I wrote a post recently about how time-outs and self-soothing have been debunked by science because of the harm they cause to the brain and psyche of children. There was some discussion around whether it matters if the behavior is a tantrum or a meltdown.
The thing is I've never looked at my child and thought "He's just having a tantrum." Maybe it's because I'm not interested in the label. I've always wanted to know the why, not the what. Maybe it's because the label is a bit disrespectful. You can ignore a tantrum, but you can't ignore a child in need of help. Maybe it's because I've never wanted anyone to look at me and say, "that's just a tantrum," even when I'm clearly having one. I hope they think instead, she's really frustrated, or upset, or needs some help. That would be kinder.
When I call my child's actions a behavior, when I label it "a tantrum," it kind of lets me off the hook. Oh, that's a tantrum. He has the problem. He needs to learn. It sets us up for a power struggle. Which isn't helpful. Instead, I look at him and say, oh, he's really frustrated, or upset, or needs some help. Because it's kinder for both of us.
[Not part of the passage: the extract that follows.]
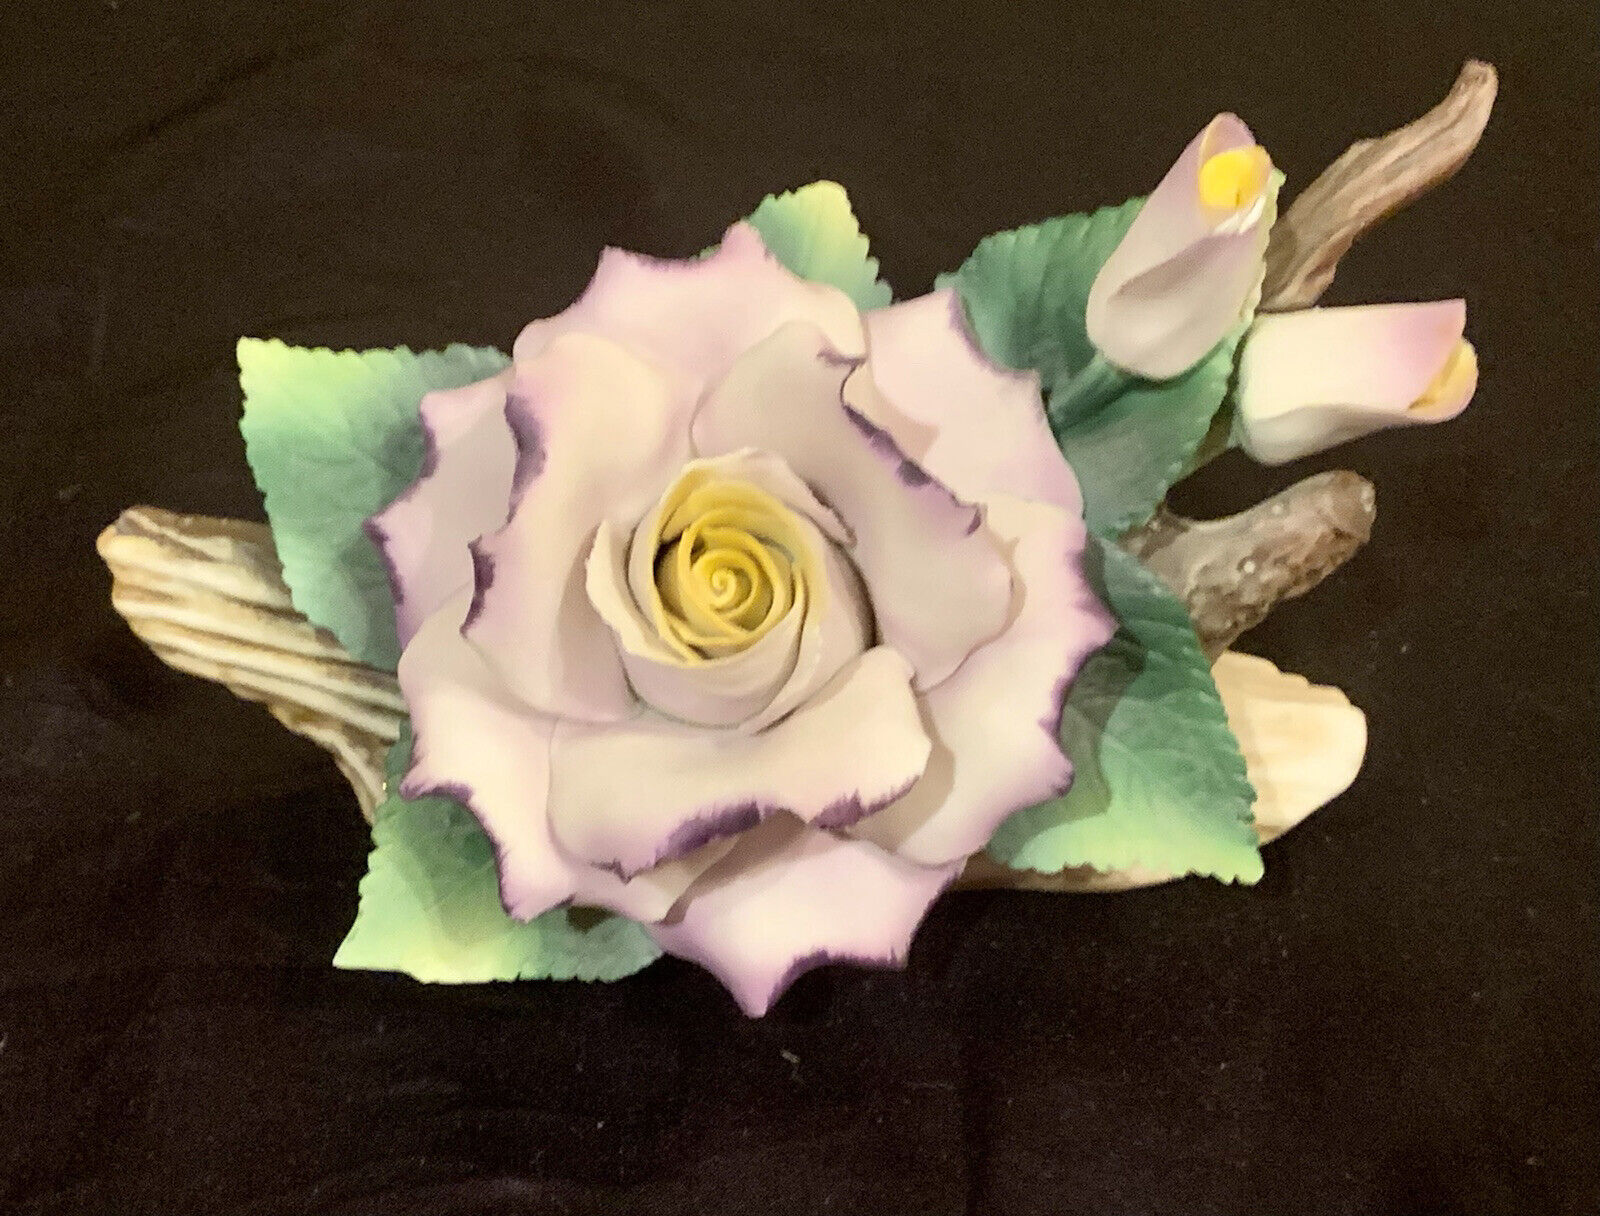 Capodimonte Napoleon, Large Purple Rose & 2 rose buds arranged on a branch

And I'm sorry to be the one who says it, but a child in tantrum is still a child in need. It doesn't matter how they got there, they still need our help. Yes, it's true. We're still the adult.
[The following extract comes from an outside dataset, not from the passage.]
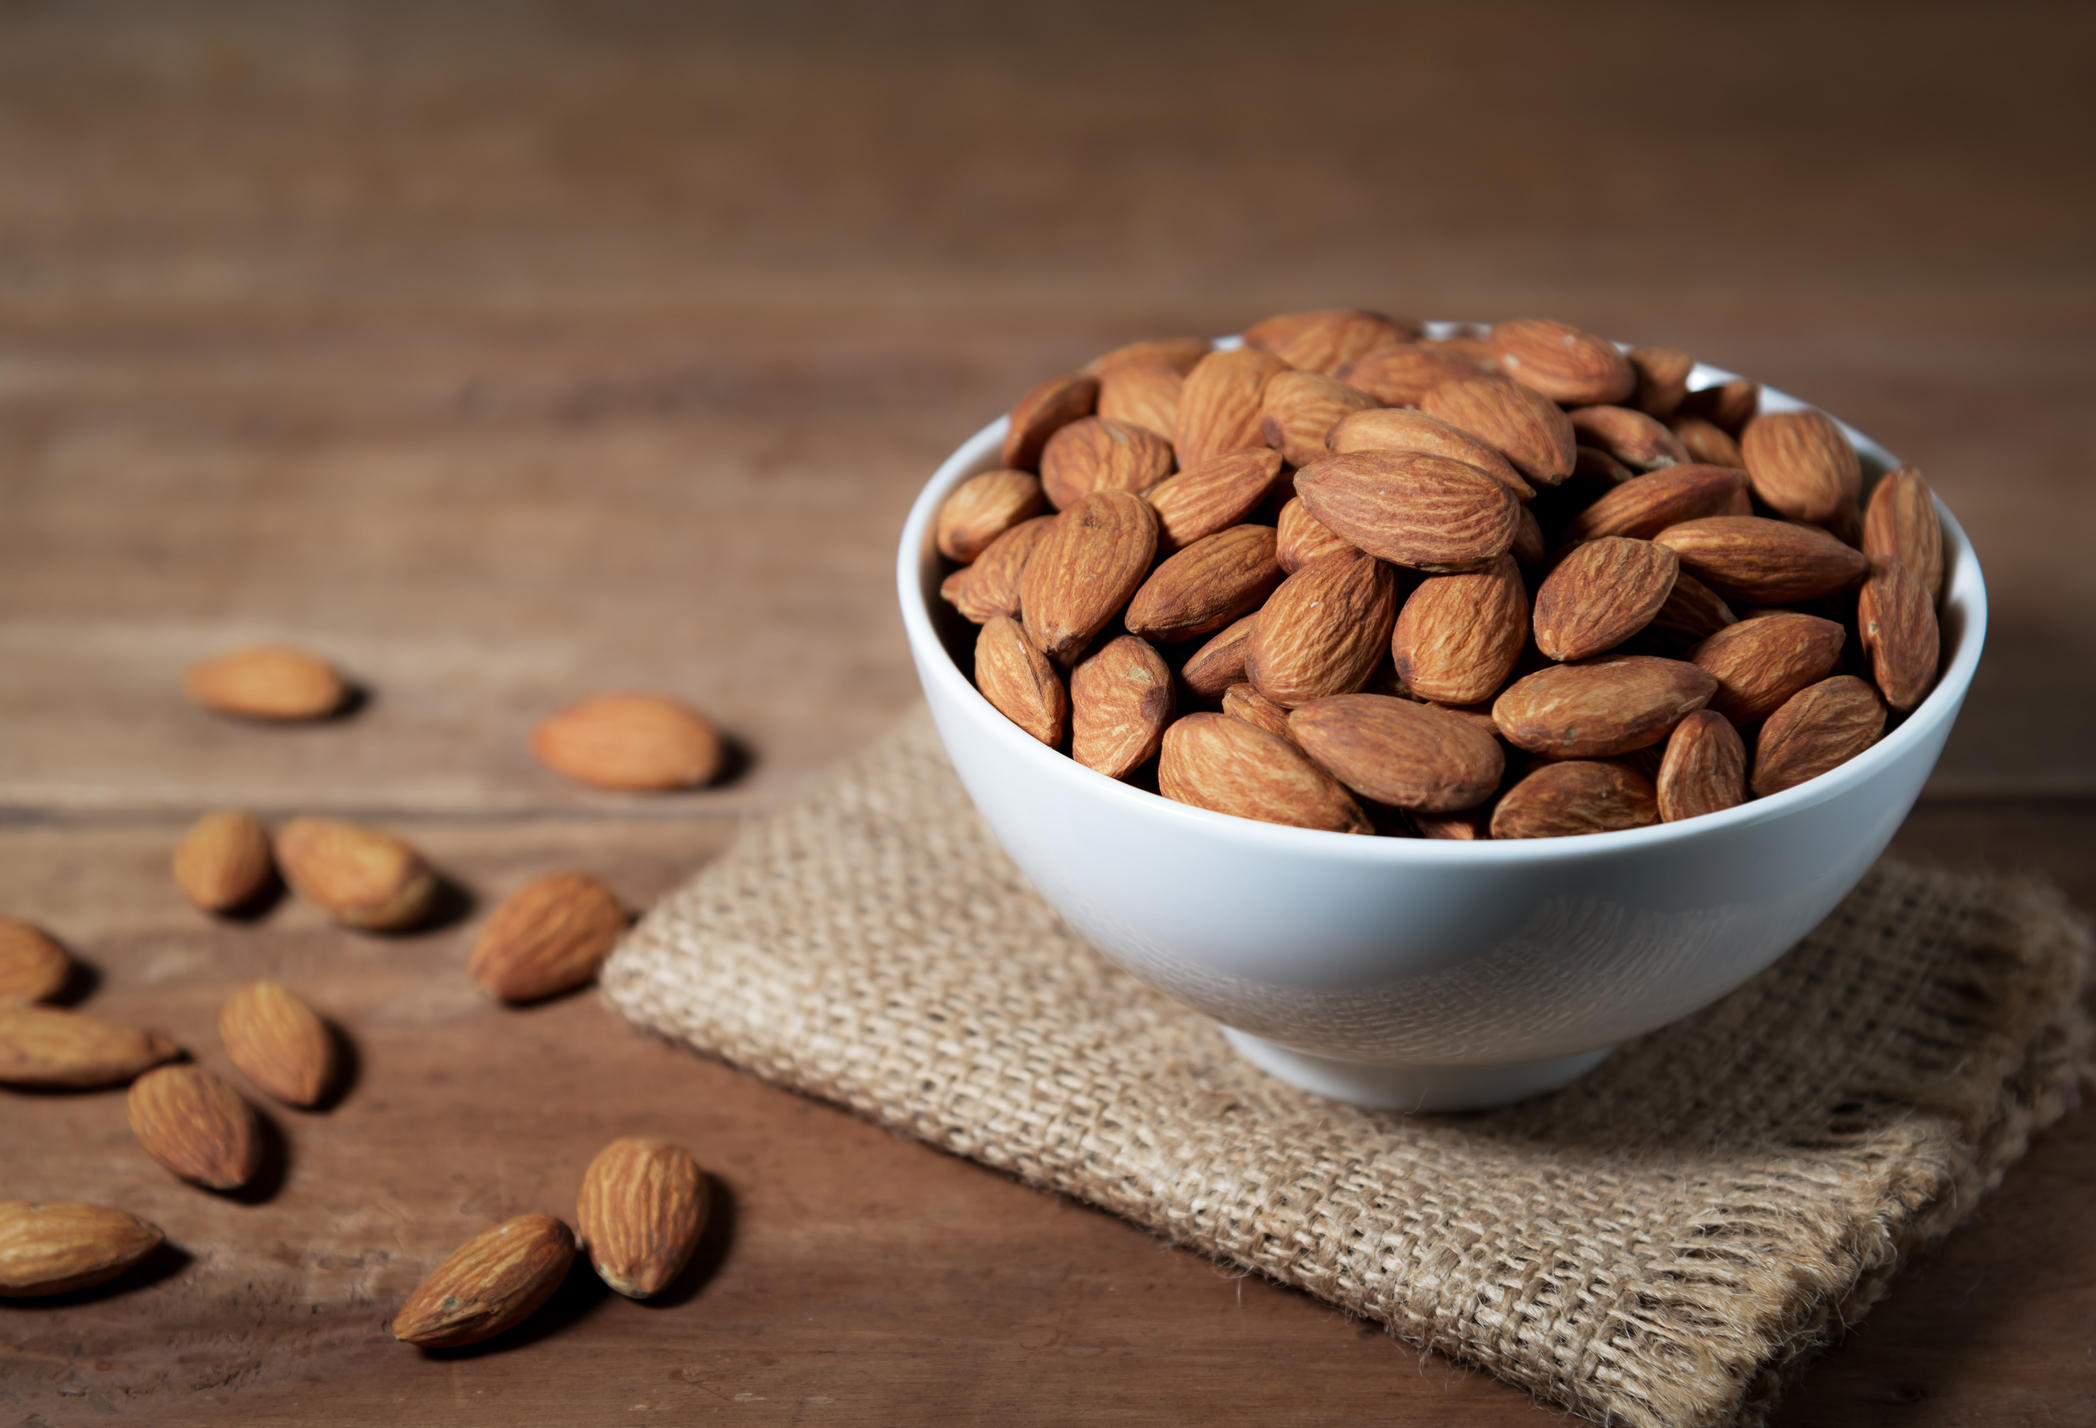 Almonds: A Good Snack For Your Smile!

Whether my child is in meltdown or just frustrated by life, he needs my compassionate presence. If it's a tantrum, I don't need to fix it. I just need to offer myself, as Gordon Neufeld and Gabor Matￃﾩ call it, as both an "agent of futility" and "agent of compassion." I sometimes mix that up and call it angel of futility. Which makes me laugh. Which is good in the midst of frustration.
An agent of futility throws up their hands and says, "Oh, I'm so sorry. I wish I could help. I'm sorry you're feeling that way. I wish we could do something about it, but we can't. " An agent of compassion hears and reflects the child's feelings and says, "You sound so mad. Oh, this is very sad. I know you're upset."
And acting as both agents (or angels), you stay with your child, not ignoring, but not trying to fix, not unfeeling, but staying calm and regulated in your own feelings -- supporting your child as he rides the wave of anger and sadness.
We all get caught up in our emotions. It's wonderful to have someone support you through them and show you you're still okay. You're still worthy of love.